Presentation on theme: "Issue 1- Lesson 3 The Ballot Act of 1872 The Corrupt and Illegal Practices Act of 1883 The Third Reform Act 1884."— Presentation transcript:
Issue 1- Lesson 3 The Ballot Act of 1872 The Corrupt and Illegal Practices Act of 1883 The Third Reform Act 1884
How democratic was Britain after the 1867 Reform Act? Getting there, but still not close: –No secret ballot –Candidates in elections could spend as much money as they would like to influence voting (food, drink, bribes) –MPs were not paid –Universities had the ability to elect MPs –The House of Lords had equal power to the House of Commons –Men in the counties did not have the same voting rights as men in the boroughs –Select groups of men could not vote –Woman could not vote
Corruption There were no laws which stopped rich politicians from using their money to win. Politicians transported voters to voting stations to vote for them Some would bribe factory owners into forcing their workers to vote for them. Since voting was public, if a employee did not vote for who their boss demanded, they would be fired!!! These are just some examples.
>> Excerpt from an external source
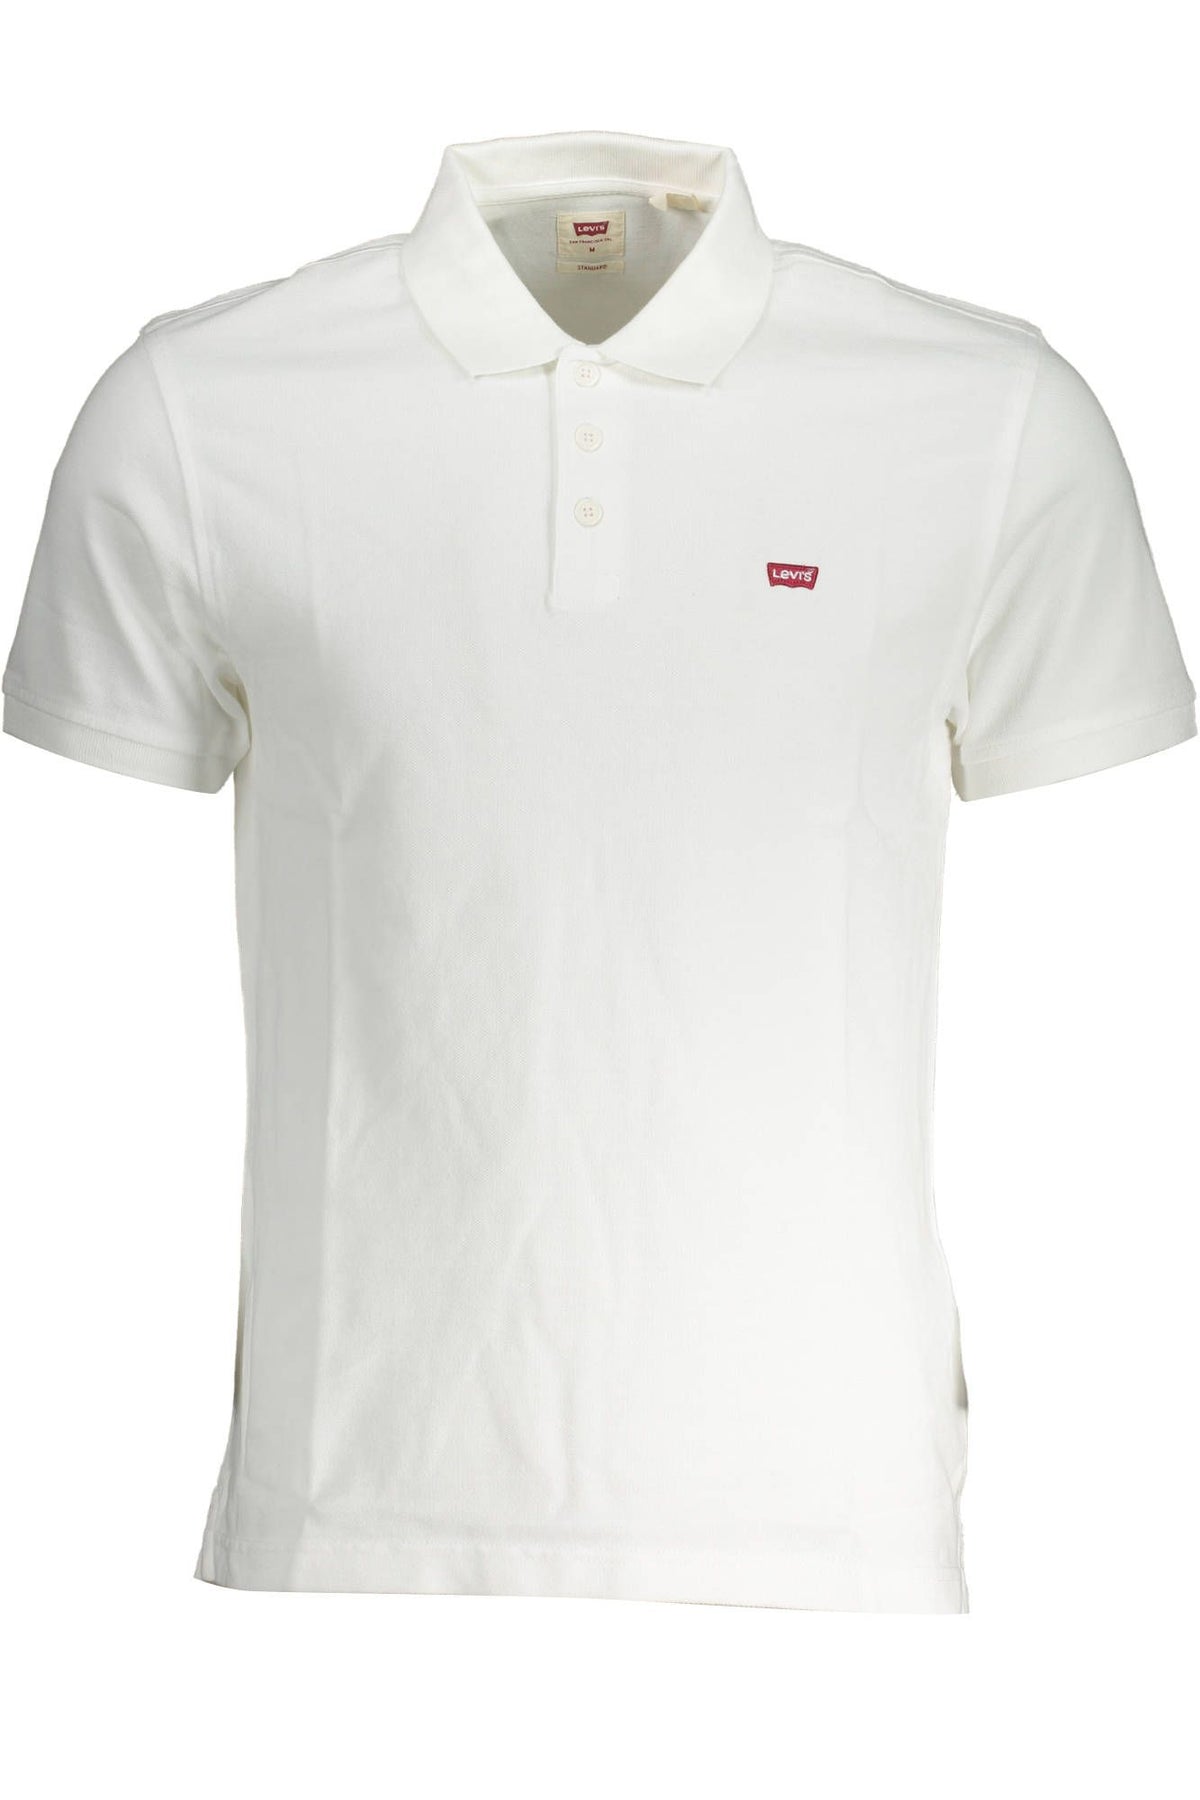 Levi's Classic White Cotton Polo Shirt

The Ballot Act of 1872 Introduced by the Liberal government under Prime Minister Gladstone. Booths were set up so voting was done in secret. As a result, voters could no longer be intimidated into voting for someone they do not want. However, Corrupt spending practices continued
Corrupt and Illegal Practices Act of An election candidate’s spending became limited. 2.Campaign money could no longer be spent on things like food and drinks. 3.A record of spending had to be kept. 4. Disobeying the law would result in a candidates disqualification for 7 years!! 5. Involvement in corruption would result in fines or imprisonment.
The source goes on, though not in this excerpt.